Where you actually want this to happen. People drift toward whichever option is closest to hand and then feel odd about it afterwards. It's worth deciding what you'd be most comfortable with first, and working backwards from there.
An exit plan. Especially for app meets. Someone knowing where you are. A way to leave that doesn't depend on the other person's mood. This isn't paranoia; it's basic sense.
Aftercare. Aftercare means looking after yourself in the hours and days after, not just in the moment itself. Most regrets aren't about the experience; they're about handling the aftermath badly. More on that further down.
Logistics — where, when, how to leave
The mechanics, briefly.
Where. If you've never done this before, somewhere with low stakes is sensible. A bi-friendly sauna in the UK gives you the most room to change your mind without complications. A hotel room you've booked yourself is the cleanest option for an app meet — no host's home, no negotiation about whose place.
When. Not the weekend you've also got a wedding to attend, a deadline at work, and your in-laws staying. Pick a window where you've got some space afterwards.
How to leave. This sounds obvious until you're in it. In a sauna, you put on your clothes and walk out — no explanation owed. From an app meet, "I need to head off" is a complete sentence. You don't need a reason and you don't need to apologise.

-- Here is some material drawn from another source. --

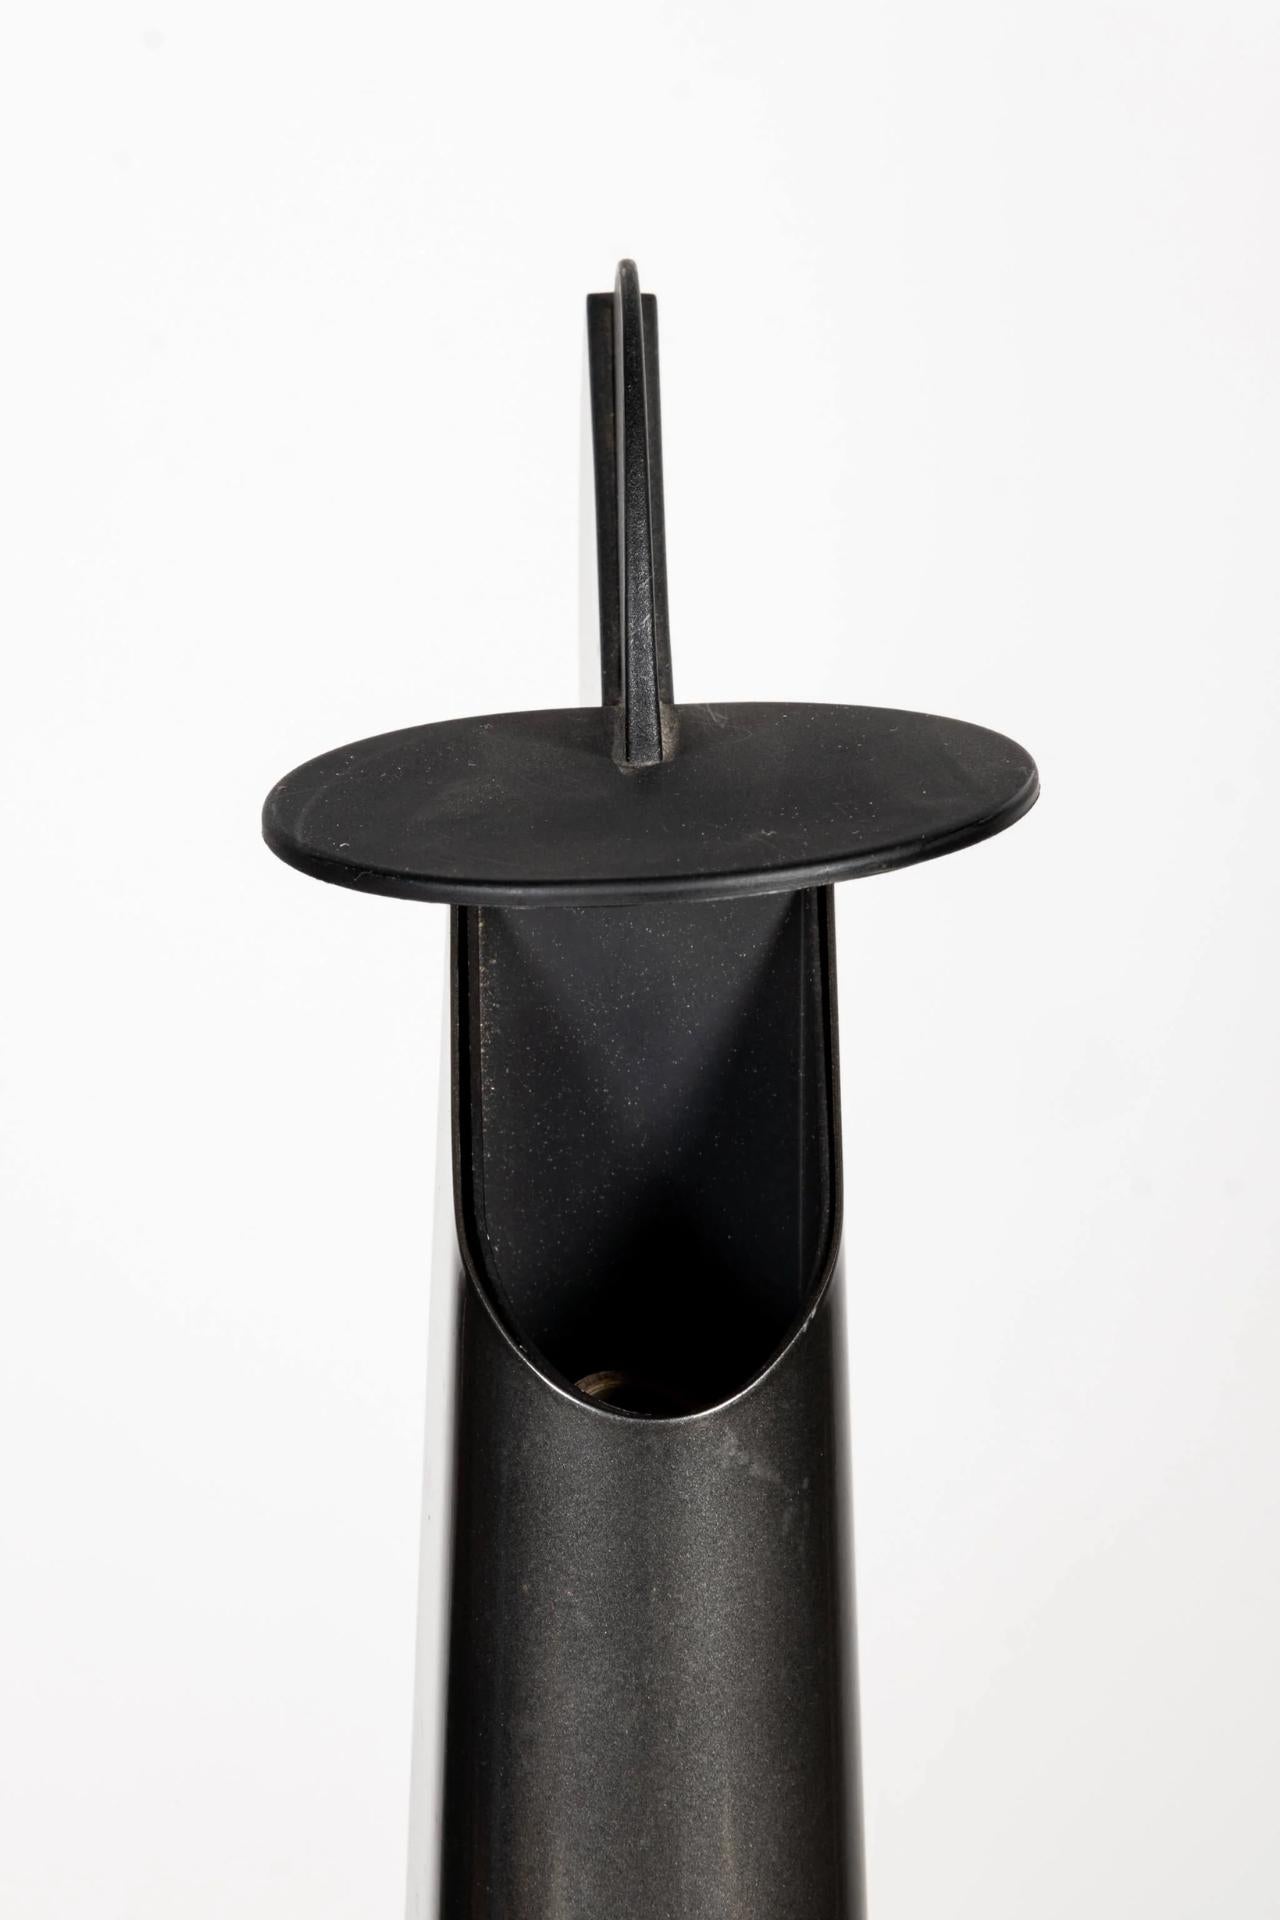 1980s Flos Gibigiana Desk Lamp, Black by Achille Castiglioni For Sale 2

For men who want to keep this quiet, our notes on discreet exploration in the UK cover the practicalities of first times that are nobody else's business.

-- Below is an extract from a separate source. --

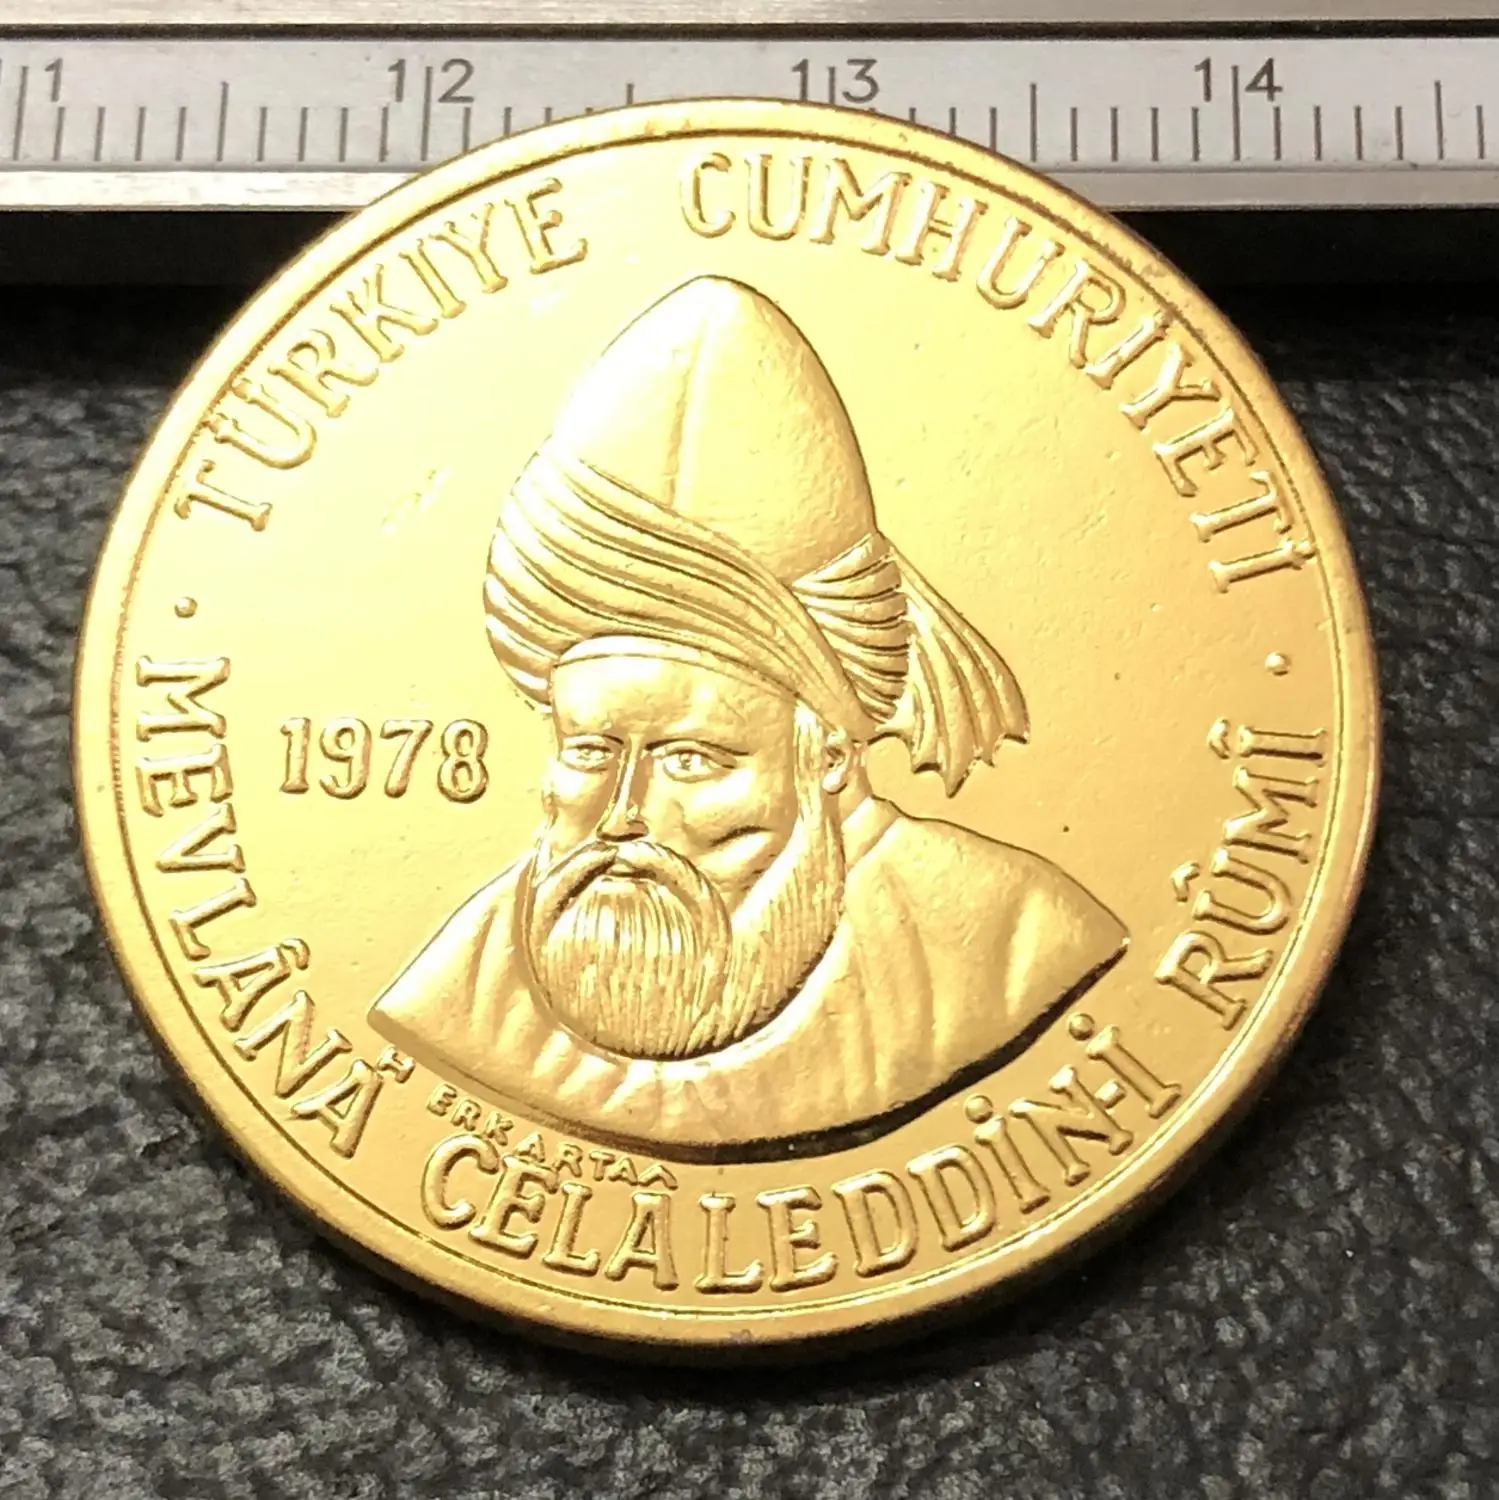 1978 Турция 1000 Лира джалаладдин Руми Золотая копия монеты

Aftercare with yourself — the post-event 48 hours
The 48 hours after a first time tend to be the part nobody warns you about.
You may feel quiet, a bit raw, occasionally elated, occasionally wobbly. Some men want to talk about it; some want to not think about it for a week; some feel exactly the same as before. All of these are normal.

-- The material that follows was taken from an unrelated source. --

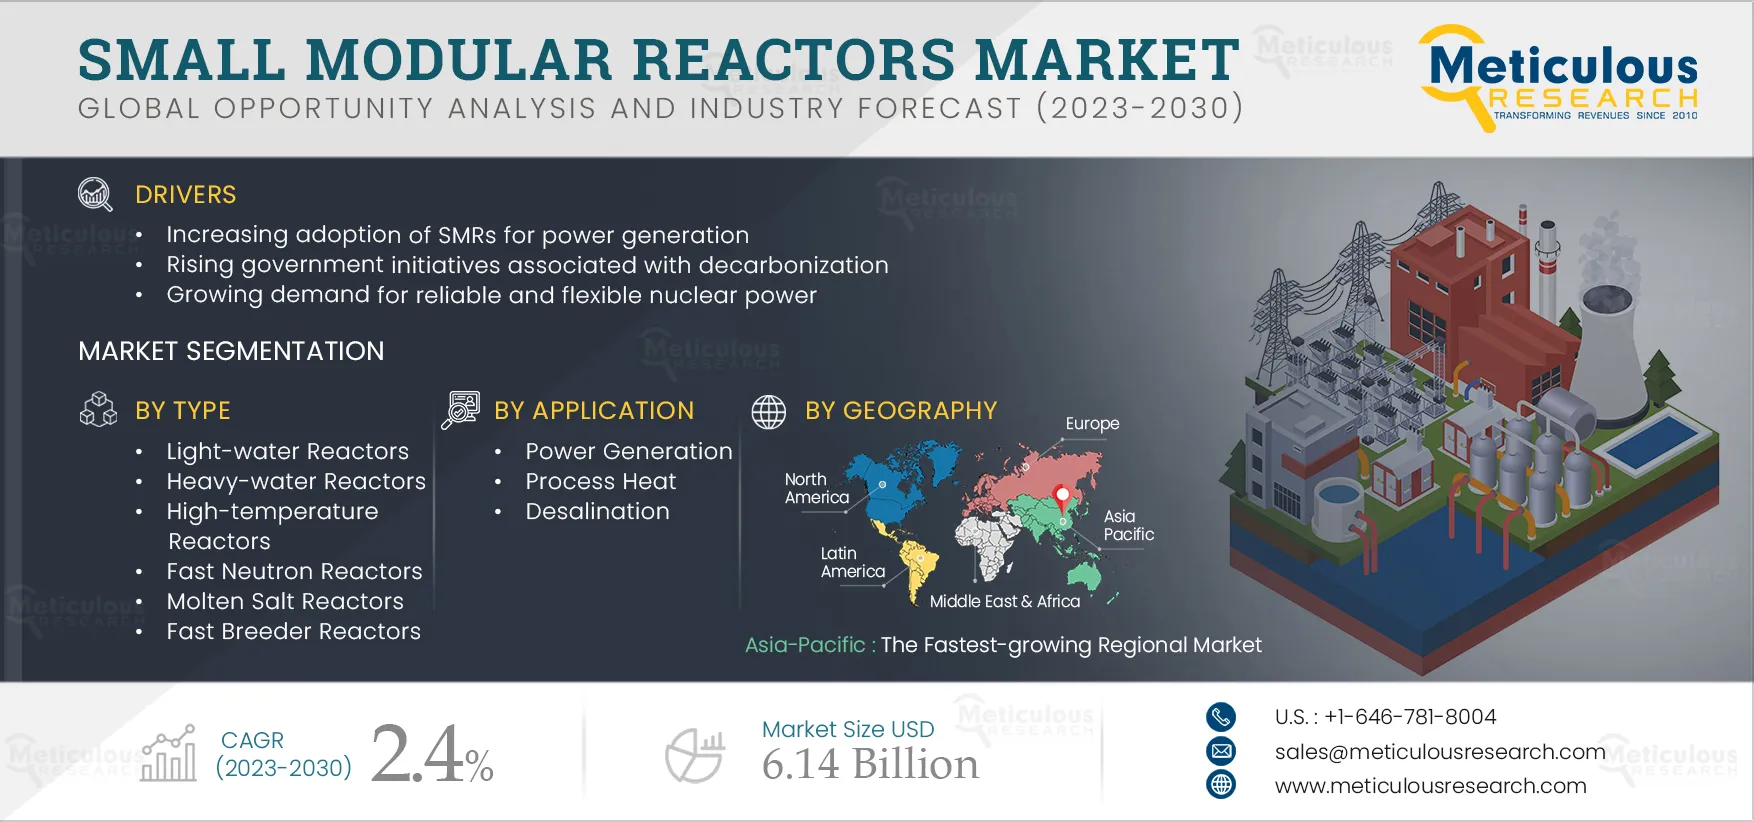 Small Modular Reactors Market

What helps: eat something, sleep properly, drink water. Don't start re-reading the encounter for evidence of how it "went", and don't spend the morning after on apps deciding whether to do it again immediately. Give yourself the same buffer you'd give a long flight.
What doesn't help: turning the experience into a verdict. "What does this mean about me" is a question that gets easier to answer the further away you get from the moment. You don't have to label anything in the immediate aftermath. The terminology used in research and health contexts ("men who have sex with men") exists precisely because behaviour and identity aren't always the same conversation.
If you're someone for whom cruising becomes part of life, the second time tends to feel substantially easier than the first. If it doesn't, that's fine too. One first time is information, not a verdict.